IIP at a 21-month low as manufacturing slows down

Contracts 0.1% in March, the first time since June 2013

Published - May 10, 2019 10:41 pm IST - NEW DELHI

Growth in industrial activity dipped to a 21-month low in March, contracting 0.1% due in large part to a continuing slowdown in the manufacturing sector, according to official data released on Friday.

The Index of Industrial Production (IIP) contracted in March for the first time since June 2013. To further put this contraction in perspective, the IIP grew a robust 5.33% in the same month of last year, and 4.39% in March 2017.

Within this, the manufacturing sector contracted by 0.43% in March, the second consecutive month of contraction (it contracted 0.39% in February) and the third consecutive month of slowing growth.

“The broad signals for the economy is a continuing slowdown and this is confirmed both from the output side and signals from the demand side,” said D.K. Srivastava, chief policy adviser, EY India.

“The IIP numbers are giving the output profile of contraction and on the demand side, the sales of different sectors have been slowing.”

Rate cut

One of the primary reasons for the slowdown in the overall economy is that the government has very little room to manoeuvre on the fiscal side, even though the Reserve Bank of India has done what it can on the monetary policy side with two successive interest rate cuts.

“As per the use-based classification, contraction in capital and intermediate goods (indicative of subdued investment activity) further resulted in slowdown in the industrial output,” Care Ratings said in a report. “Uncertainties over general elections could be cited as one of the major reasons of lower activity in these segments.”

The capital goods sector contracted for a third consecutive months, by 8.66% in March compared with a contraction of 8.92% in February.

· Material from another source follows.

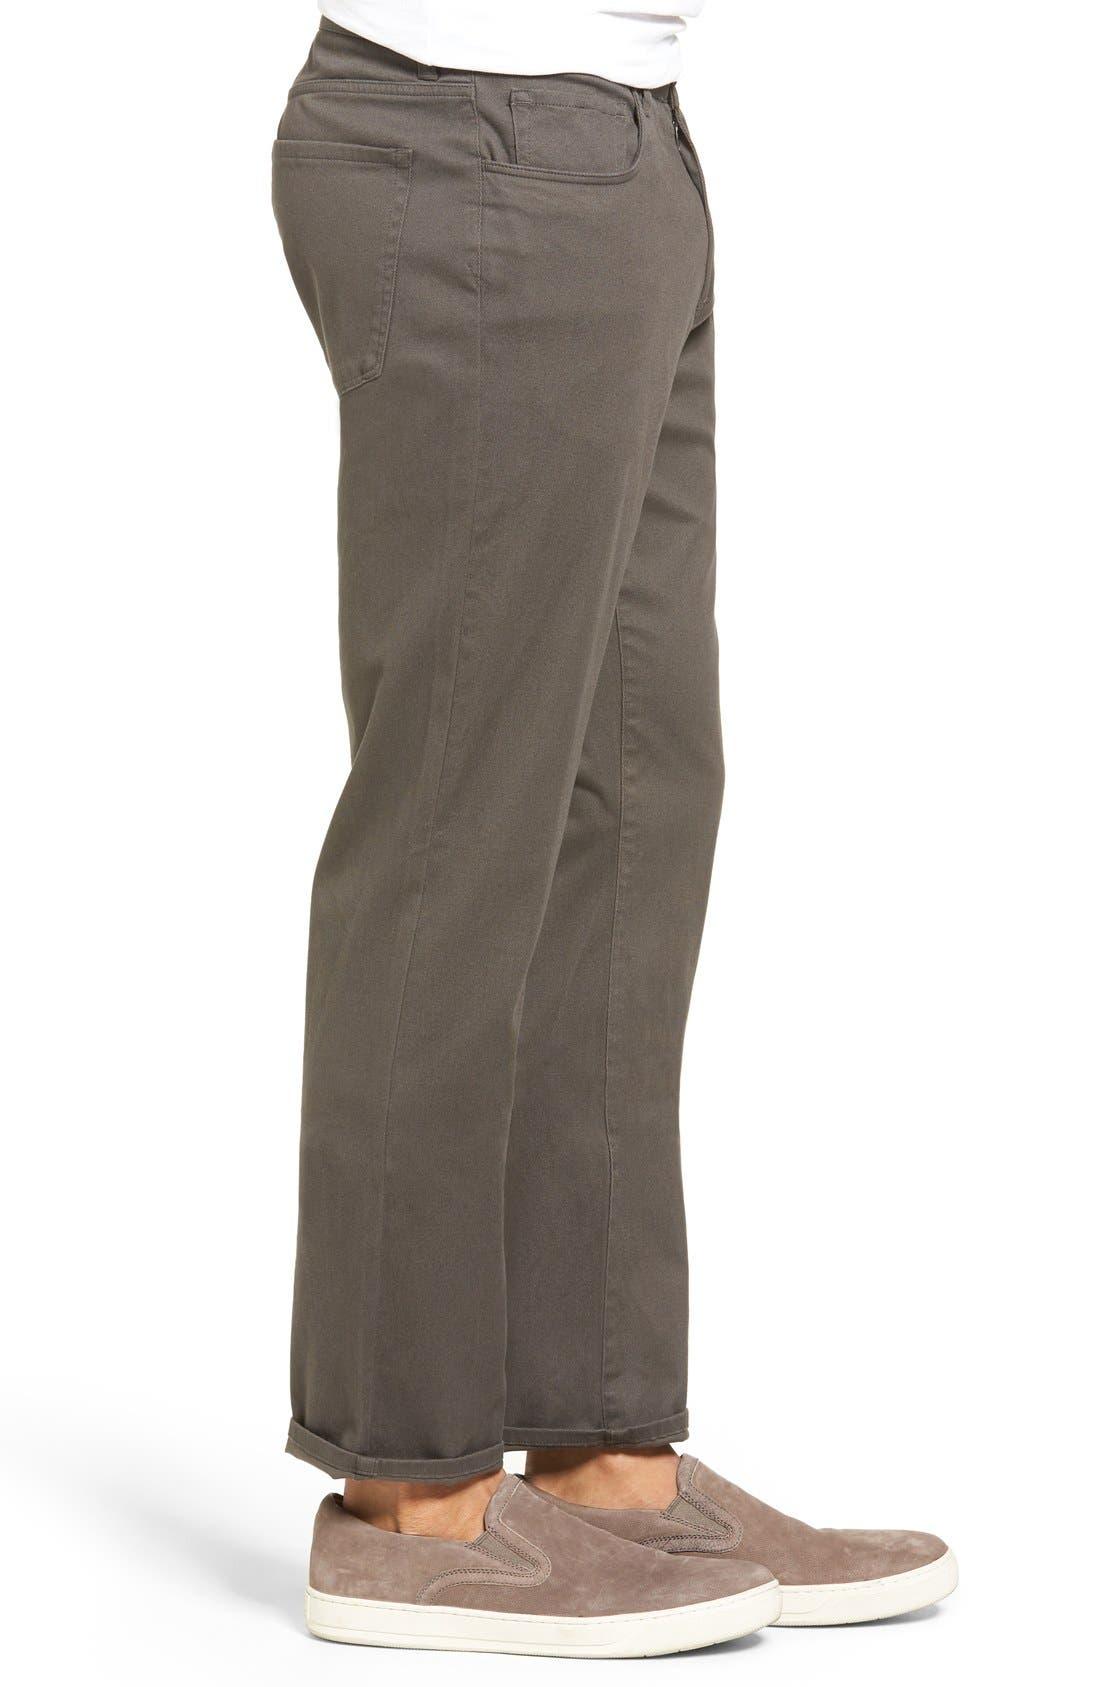 Soho Slim Fit Five-Pocket Pants,                             Alternate thumbnail 8, color,                             GREY

Intermediary goods sector contracted for the fifth consecutive month, by 2.55% in March, compared with a contraction of 5.05% in the previous month.

“The fiscal deficit has exceeded the limits and even the revised estimates numbers might not prove to be true,” Mr. Srivastava added. “Because of this, there would be considerable constraints in stimulating the economy.There is not likely to be any big push as far as Central government budget expenditure is concerned. Even when new government comes in, they will find it difficult.”

On the demand side, the consumer durables sector also contracted in March by 5.07% after being positive for three consecutive months, which is symptomatic of weak demand conditions in the country, Care Ratings added.

Infrastructure sector, however, saw a strong turnaround in growth in March, coming in at 6.4%, up from 2.1% in February. The mining and quarrying sector saw growth slowing to 0.78% from 2.18%.

The electricity sector witnessed a slight acceleration in growth to 2.17% in March from 1.32% in February.

The general outlook for the upcoming months is subdued, according to economists and ratings agencies alike, who say that there is still no certainty about the RBI cutting rates in its monetary policy review in June.

“The RBI will wait for the inflation numbers to come out and see in what way it is trending because of the pressure on oil prices,” Mr. Srivastava said.